Il sistema continua a tagliare fuori chi ha potenzialità reali, dando spazio a personalità che non non hanno alcuna conoscenza dell’amministrazione statale e proprio per questo spesso, con la propria presenza, declassano i luoghi delle istituzioni da templi della democrazia a stadi o circhi. Chi sceglie di fare politica e, quindi, di occuparsi della cosa pubblica non dovrebbe farsi eleggere a rappresentante del popolo, per poi scegliere di rappresentare solo gli interessi personali o di partito. Questi finti politici, che –un po’ come coloro che dal Medioevo al secolo scorso entravano in seminario per trovare un “impiego” stabile nel sacerdozio che gli garantisse benessere e rispetto da parte della propria comunità – sono privi di una vera e propria “vocazione” per svolgere quello che è un delicatissimo e allo stesso tempo importantissimo compito istituzionale.

Per certi versi non si vota più l’esponente politico più competente, ma, semplicemente colui il quale riesce ad assecondare le recondite frustrazioni dei cittadini, con affermazioni in linea con ciò che l’elettorato vuole sentirsi dire.

Tutto ciò si può attribuire a due cause: un malessere di fondo, che accompagna tutti coloro i quali non vogliano cercare le soluzioni per un determinato problema, ma solo accentuare la sua presenza, e un nuovo stile di comunicazione della classe politica con l’elettorato.

I social network hanno cambiato radicalmente  gli aspetti della comunicazione. Infatti, mentre prima non si potevano leggere le dichiarazioni di un politico, se non sulla carta stampata, oggi tutti possono sapere in tempo reale quale sia la sua opinione. Avere la popolazione sotto tiro attraverso i social, i quali, in pochi secondi diffondono un messaggio a decine di migliaia di persone, ha favorito significativamente tutti coloro che volessero lanciarsi in politica, permettendo a persone senza alcuna esperienza lavorativa precedente di ritrovarsi a svolgere un ruolo istituzionale di un certo livello dal nulla e senza averne le competenze necessarie.

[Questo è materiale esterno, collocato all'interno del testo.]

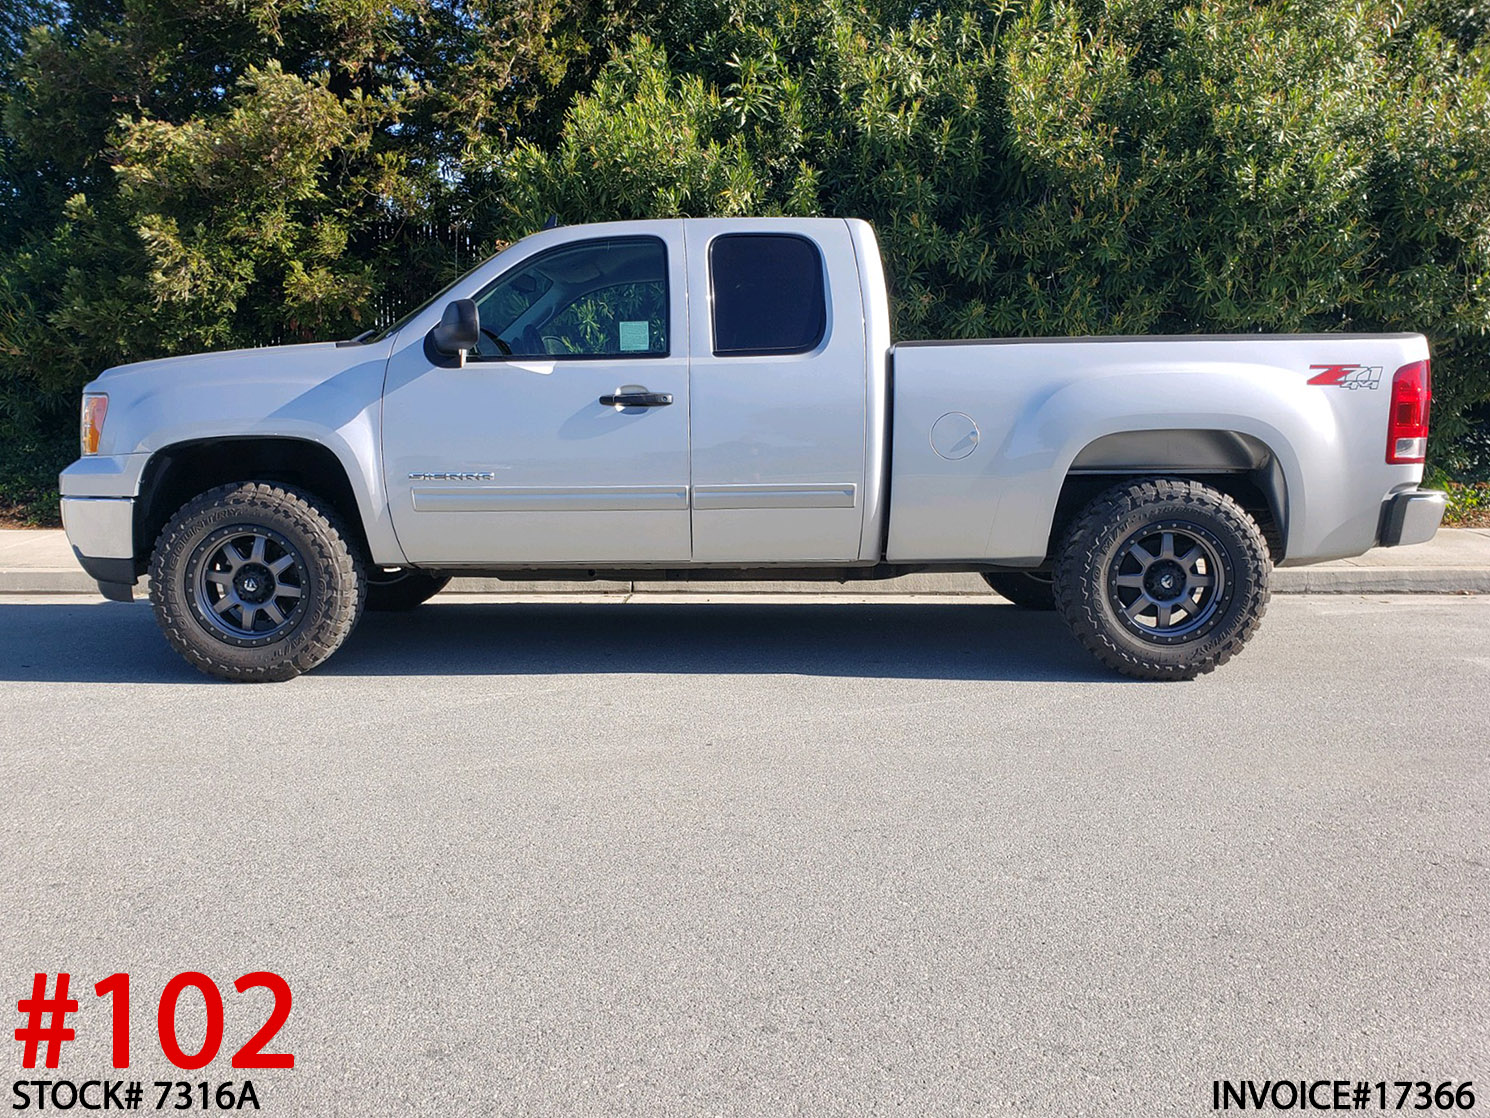 USED 2012 GMC 1500 CREW CAB #7316A

Ciò che più preoccupa è però l’indifferenza dei cittadini, i quali, sfiniti da questo modo di fare politica, promettendo tutto e poi non mantenendo alcuna promessa, vanno oltre l’indignazione e la rabbia: si disinteressano piuttosto al dibattito. Tutto ciò a causa dell’inconsapevolezza e della perdita di cognizione rispetto alle esigenze dei cittadini, prevaricata da una eccessiva voglia di visibilità e potere.

Il periodo che stiamo attraversando è fondamentale per la nostra storia futura. Approfittando dei cambiamenti che stiamo vivendo, potremmo cogliere l’occasione per rinnovare sotto molti aspetti la classe politica del nostro Paese. I giovani potrebbero riavvicinarsi alle istituzioni, magari fornendo loro un’educazione civica pertinente partendo dalle scuole primarie. Ciò garantirebbe loro una sensibilità politico-istituzionale che tutti dovrebbero avere, per poi lasciargli spazio, un giorno, creando una nuova classe dirigente fatta da persone competenti, votate per anteporre il bene dello Stato al proprio. Solo da qui potrà ripartire e rinascere il Paese: eleggere dei rappresentanti seri, che abbiano comprovate competenze in merito, senza essere affascinati da slogan e immagini, dietro ai quali si nasconde chi non dispone proposte concrete, né un interesse reale a servire lo Stato e i propri cittadini.